Plaintiffs were seeking direct and consequential damages sustained by the Company in an amount to be established through proof at trial, plus pre-judgment and post-judgment interest; appropriate equitable relief to remedy the alleged breaches of fiduciary duties; reasonable attorney’s fees and costs for the Company incurred in prosecuting the action; and other relief as deemed by the court to be just and proper.
Defendants removed the Scio Derivative Complaint to the U.S. District Court for the District of South Carolina, Greenville Division (the “Federal Court”) and filed a motion to dismiss the complaint on October 4, 2013. On December 16, 2013, the Federal Court granted the Defendants’ motion to dismiss, in part based on the plaintiffs’ lack of standing, and the remaining claims were dismissed by the court without prejudice in favor of mandatory arbitration proceedings
On October 15, 2013, plaintiff Mark P. Sennott, as Trustee of the Sennott Family Charitable Trust, (“Sennott”) filed a complaint derivatively, on behalf of ADI, in the Federal Court, against Edward S. Adams (our then Chairman), Michael R. Monahan (a former member of the Company’s Board of Directors), the law firm of Adams Monahan, LLP, Loblolly, Inc., which was formerly known as Scio Diamond Technology Corporation, and the Company (collectively, “Sennott Defendants”).
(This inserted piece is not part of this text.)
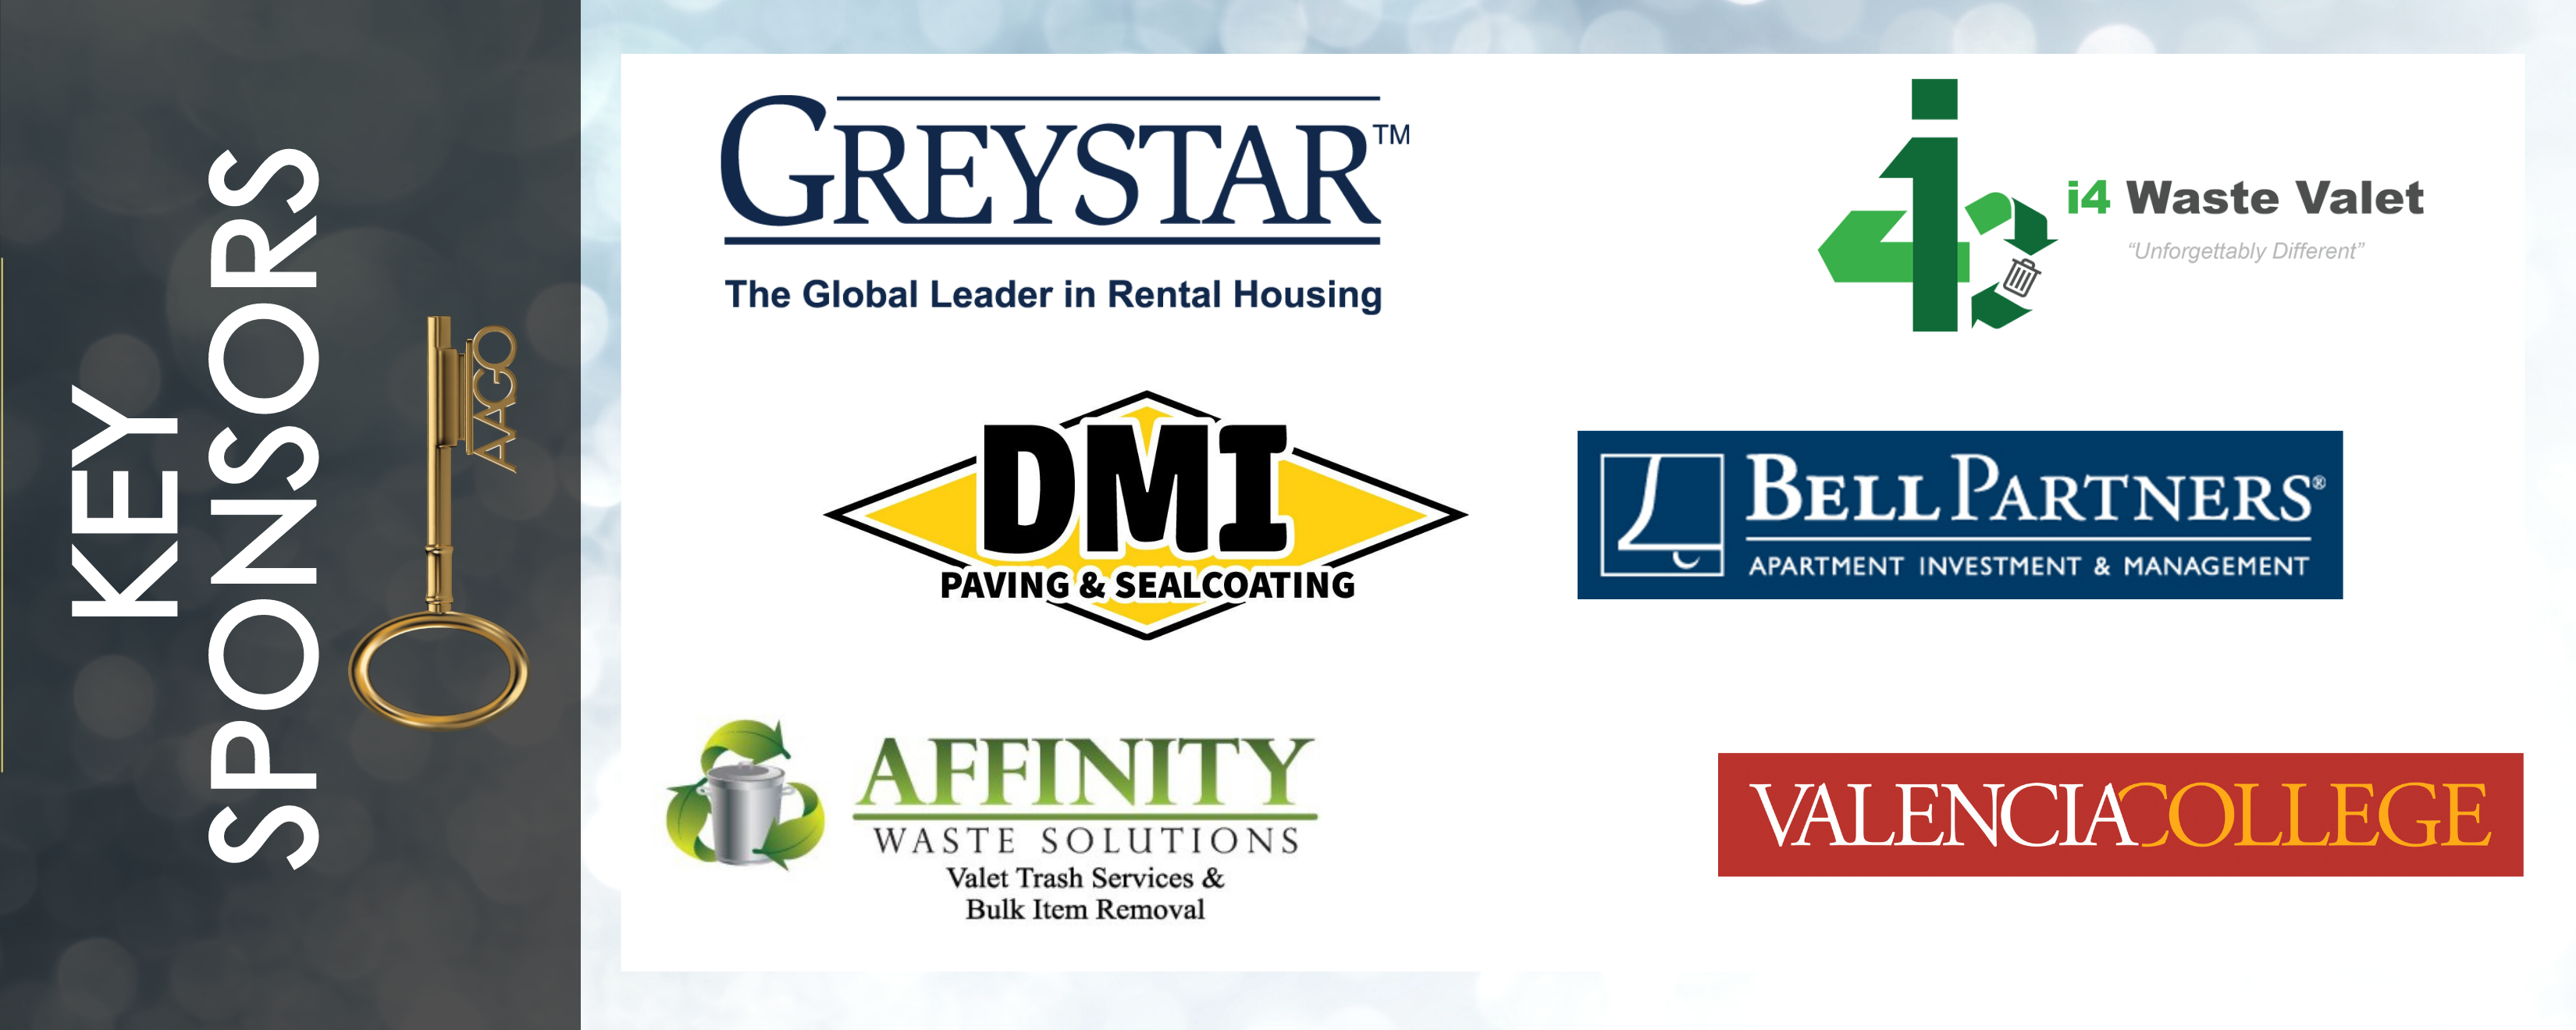 Key Sponsor Graphic Greystar, i4 Waste Valet, Valencia College, DMI Paving & Sealcoating, Affinity Waste, and Bell Partners
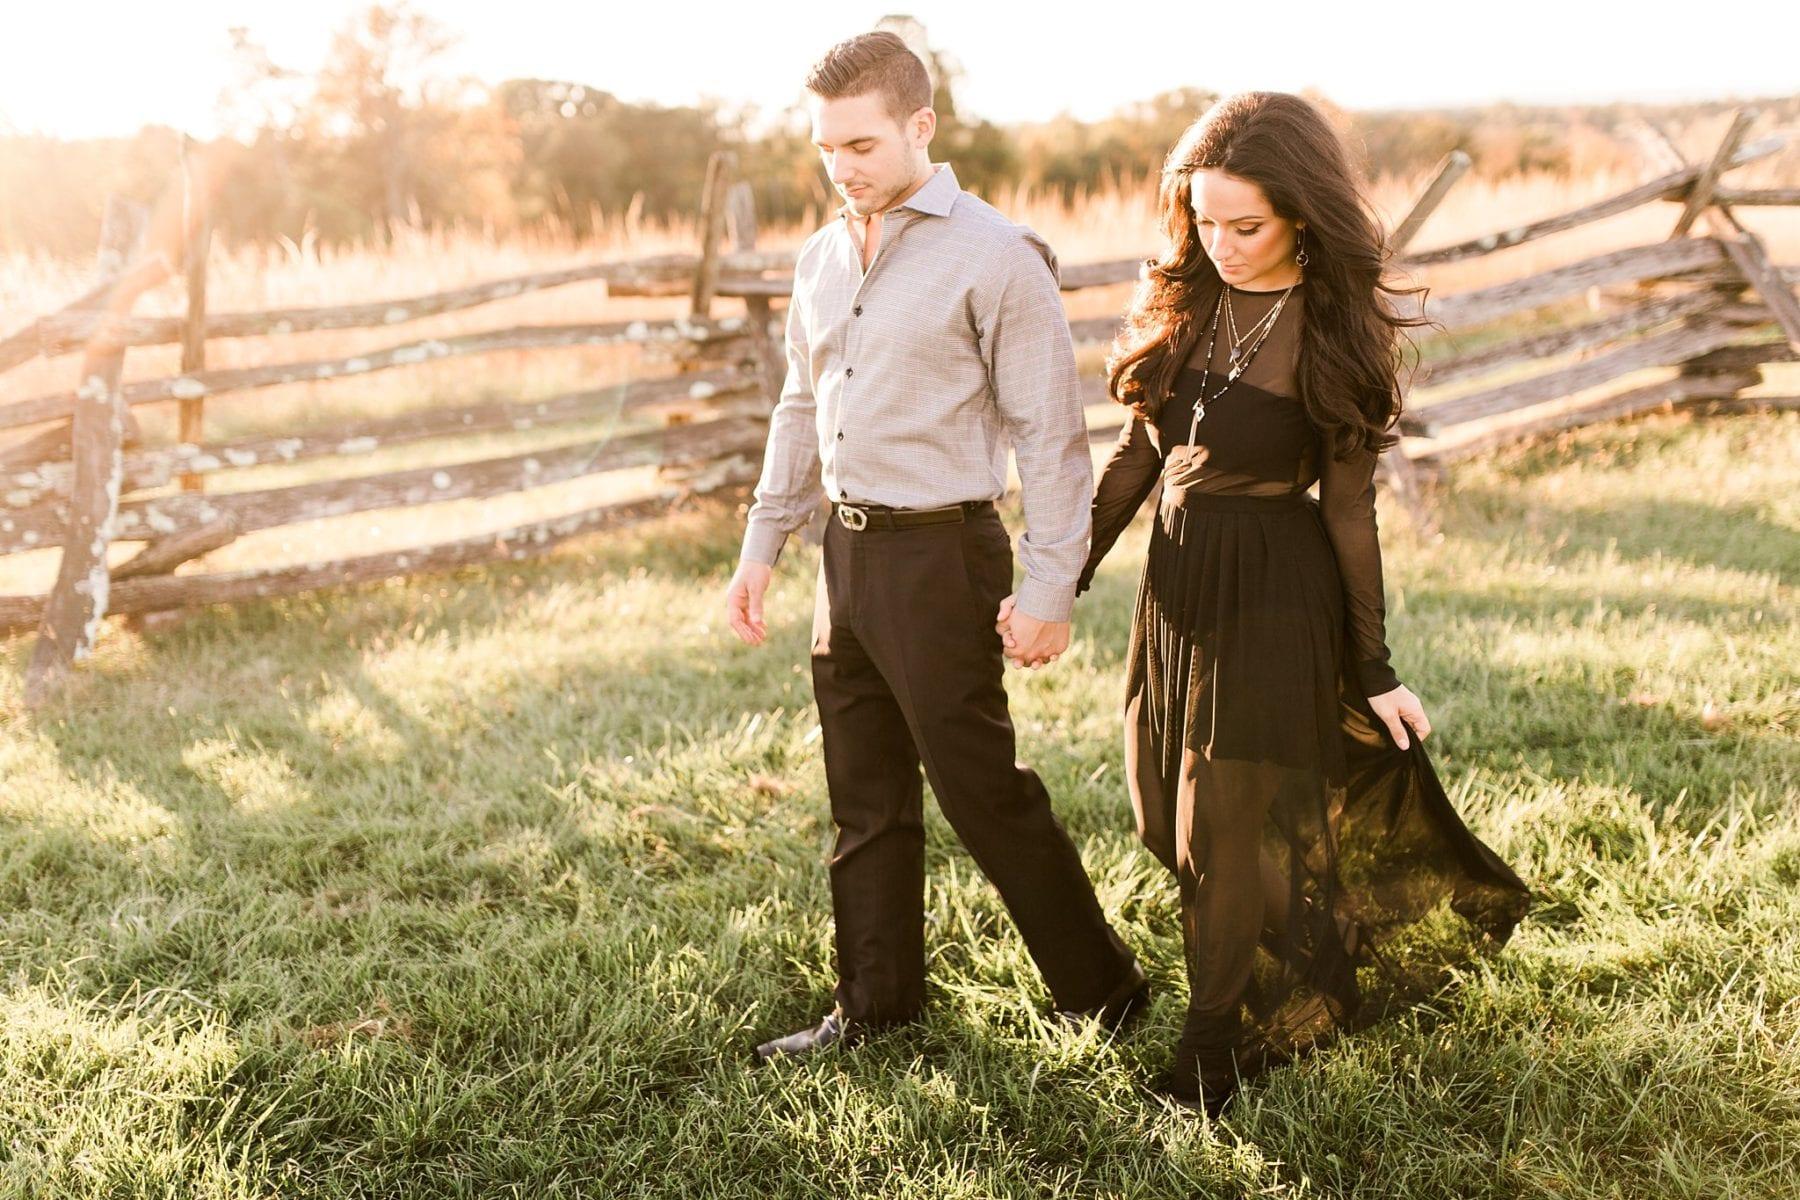 Manassas Battlefield Portraits Virginia Wedding Photographer Megan Kelsey Photography Lianne & Chris-140.jpg

This derivative complaint on ADI’s behalf (the “ADI Derivative Complaint”) alleges claims for breach of fiduciary duty, constructive fraud and unjust enrichment. The allegations in the ADI Derivative Complaint are duplicative of the Scio Derivative Complaint allegations concerning ADI, which were dismissed by the Federal Court’s December 16, 2013 order in the Scio Derivative Complaint and repeat almost verbatim the allegations from earlier lawsuits filed and dismissed in 2012 against the Defendants, which were previously disclosed in the Company’s Form 10-Q for the nine months ended December 31, 2012 and Form 10-K for fiscal year ended March 31, 2013. Sennott is seeking direct and consequential damages sustained by Sennott in an amount to be established through proof at trial, plus pre-judgment and post-judgment interest; appropriate equitable relief to remedy the allegedly wrongful acts; reasonable attorney’s fees and costs incurred in prosecuting the action; and other relief as deemed by the court to be just and proper.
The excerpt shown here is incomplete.